Ну и дела! Я ошеломлённо смотрел на отца… и не узнавал его. Мама громко всхлипнула. Отец рассерженно стукнул кулаком по столу. Это привело меня в бешенство. Я вскочил, но отец уже неумело утешал маму. Ох, лучше бы он не пытался!

– Да что с тобой, Эрна? Перестань! – пророкотал он и постучал по маминому плечу. Так хлопают лошадь по крупу. – Дитрих, несомненно, вернётся к Рождеству! А этот оболтус, – кивнул на меня,– мог бы помочь! Глядишь, быстрее вернулись бы!

Я почувствовал себя побеждённым и нахмурился. Как будто кто-то поднял меня за плечи и толкнул к дверям.

– Пойду пройдусь, – бросил я через плечо уже в дверях.

– Крепкий тыл, тоже мне… – прошипел мне вслед отец.

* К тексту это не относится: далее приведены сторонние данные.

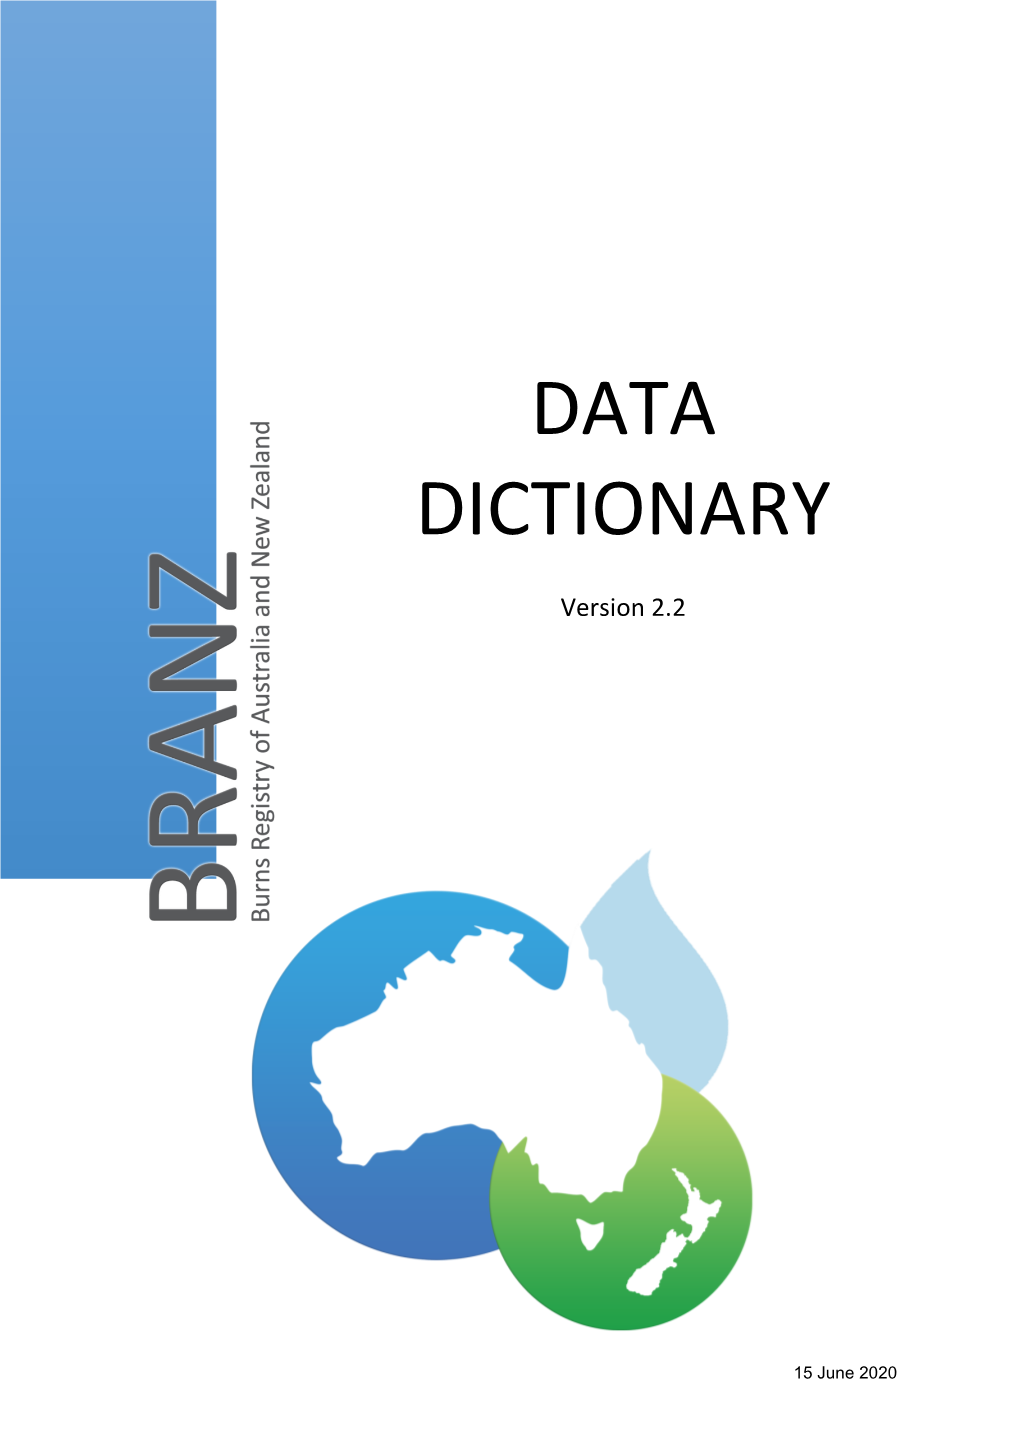 BRANZ Data Dictionary

Уходя, я расслышал глухие мамины рыдания, но, сжав кулаки вышел. Давно ли отец стал таким?! Он не считал Германию побеждённой, потому что конец Первой мировой войны он встретил на чужой, русской, территории. Он рассказывал мне, какие огромные у русских земли. И бездорожье. Не самое удачное сочетание, если собираешься нападать.

VII

Тем солнечным утром понурый Дитрих бочком протиснулся в стерильно чистый кабинет Нильса. Тот сидел за сверкающим письменным столом и неторопливо листал какую-то папку. На первой странице красовалось моё крупное фото. Увидев её, наверняка я почувствовал бы себя свиньёй. В мясном отделе на рынке.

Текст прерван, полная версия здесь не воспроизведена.